Activity: Please give the whole listing again exactly, without any of its pictures.

Data excerpt:
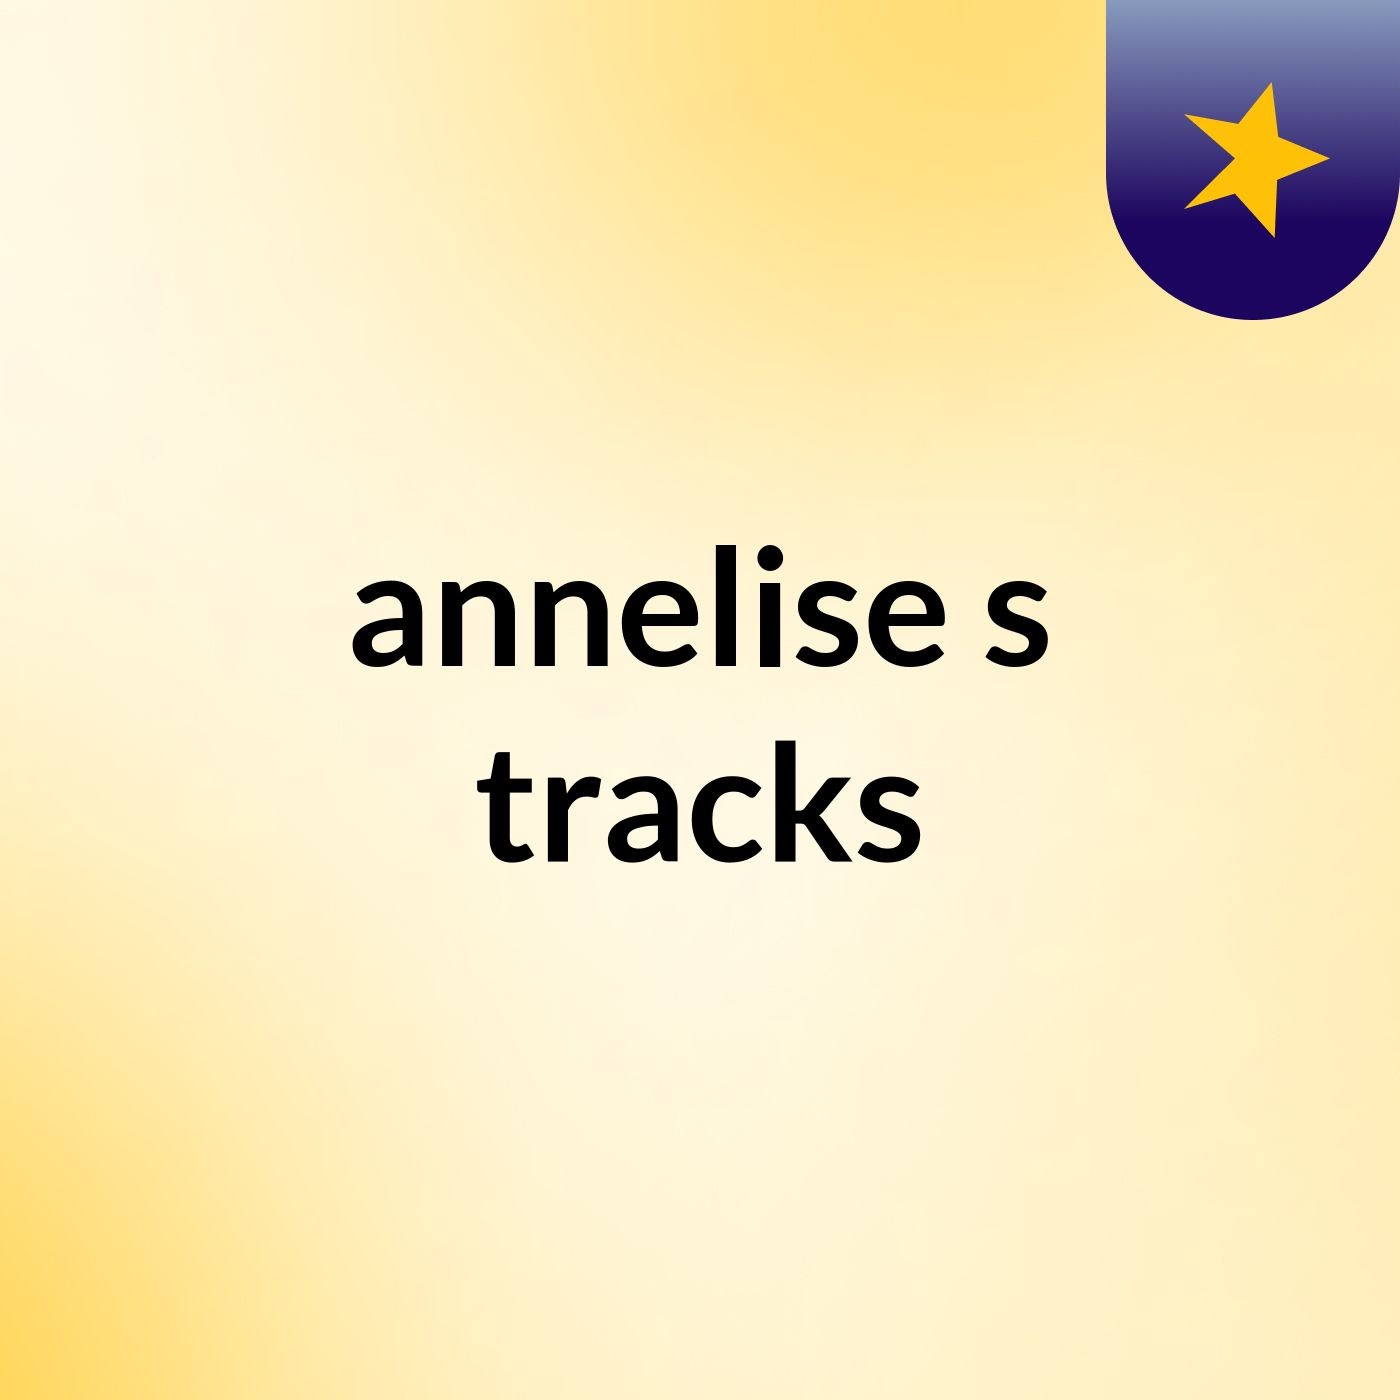 annelise's tracks
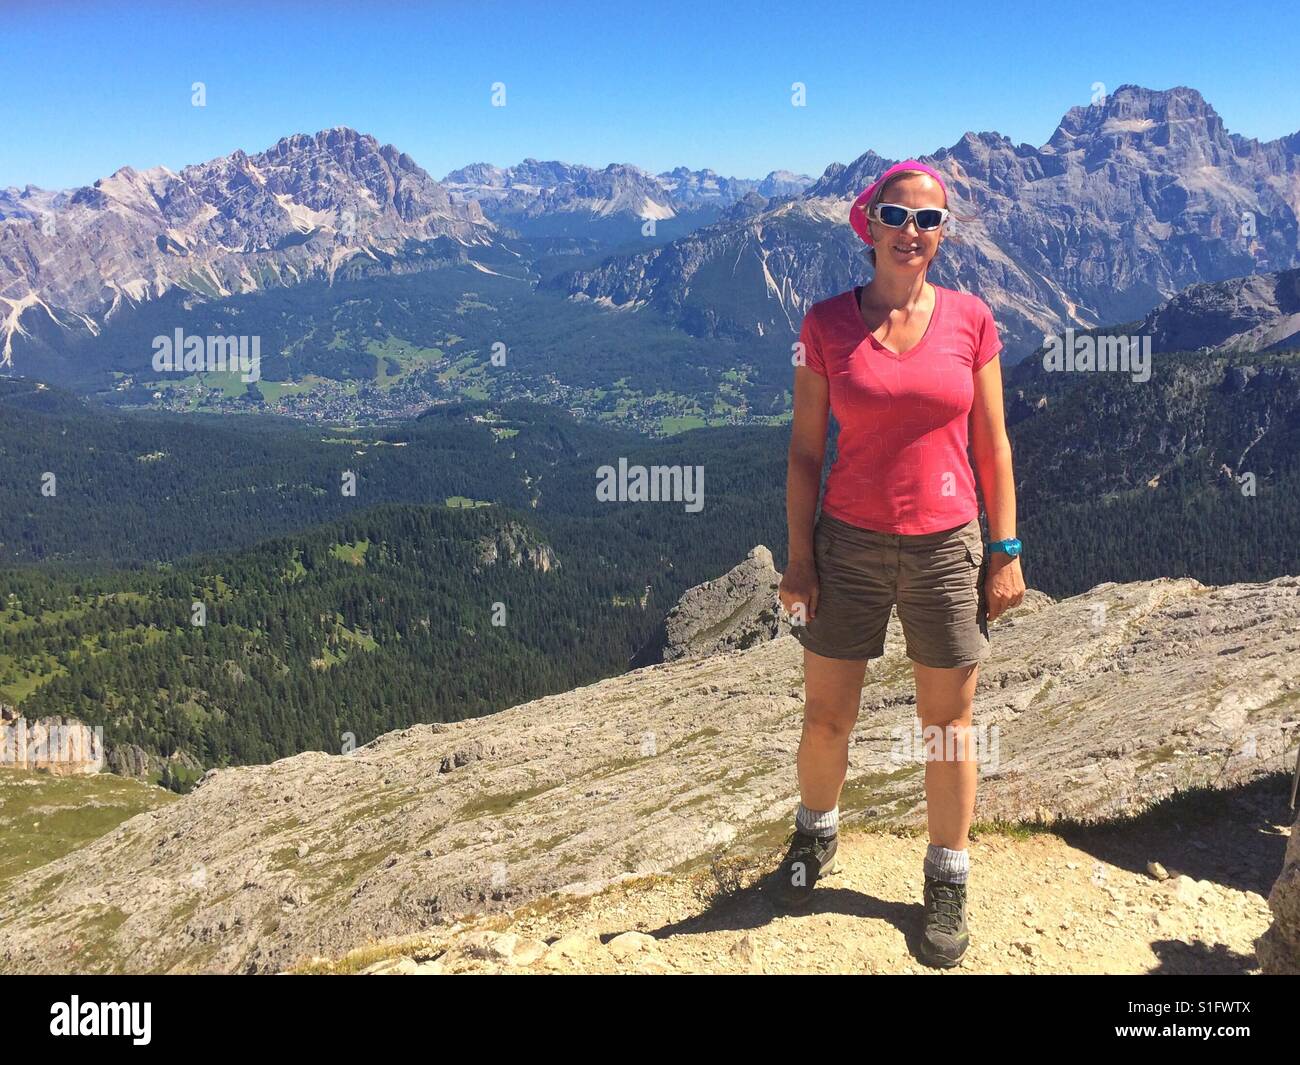 Femme sur le sommet d'une montagne. Nuvolau, Cortina d'Ampezzo, Italie Banque D'Images
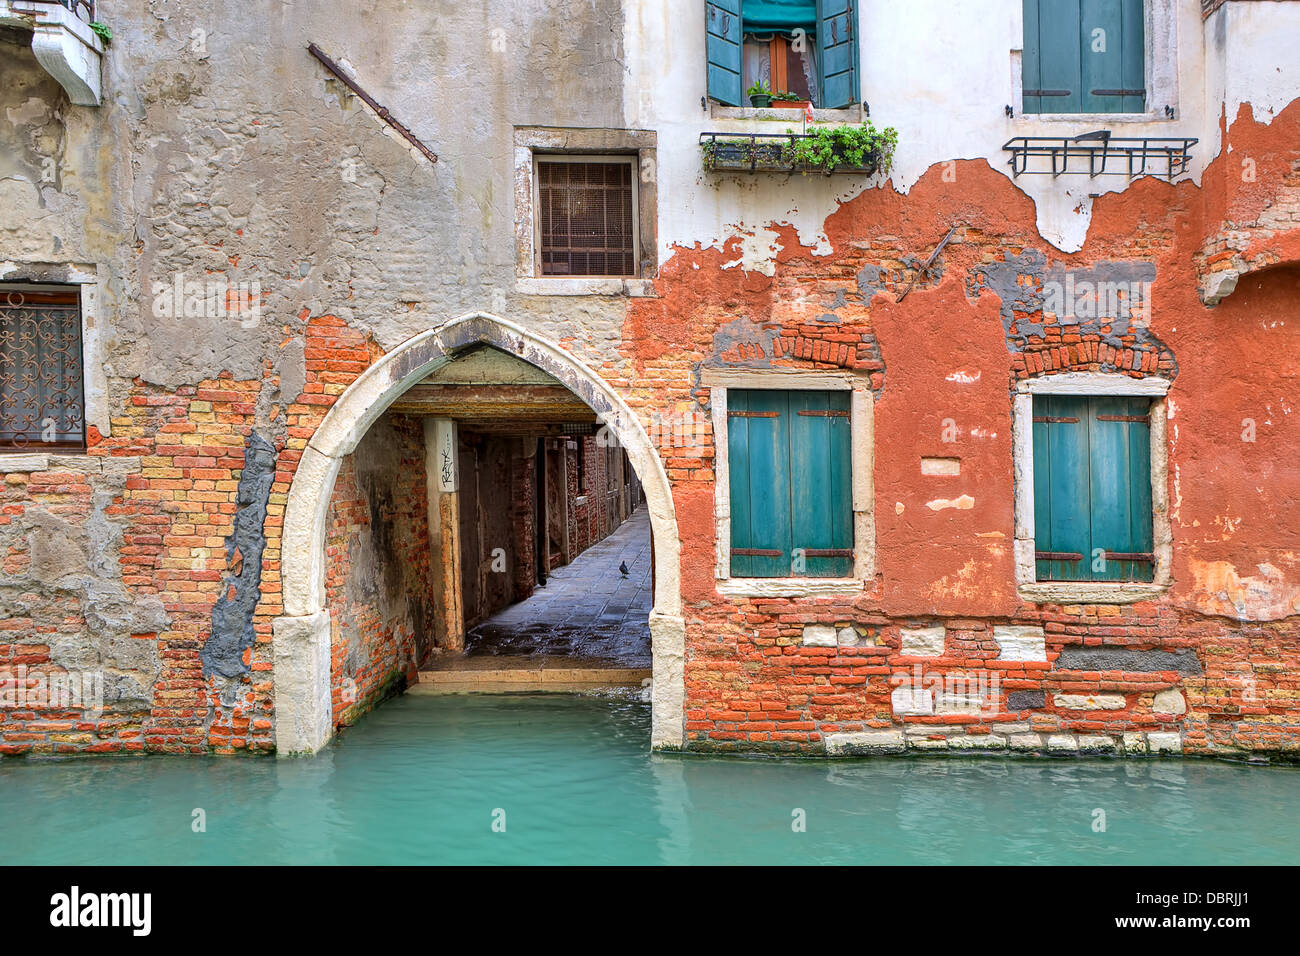 Stretto canale e la facciata della vecchia casa in mattoni rossi con ante chiuse a Venezia, Italia. Foto Stock

Answer:
 annelise's tracks
 Femme sur le sommet d'une montagne. Nuvolau, Cortina d'Ampezzo, Italie Banque D'Images
 Stretto canale e la facciata della vecchia casa in mattoni rossi con ante chiuse a Venezia, Italia. Foto Stock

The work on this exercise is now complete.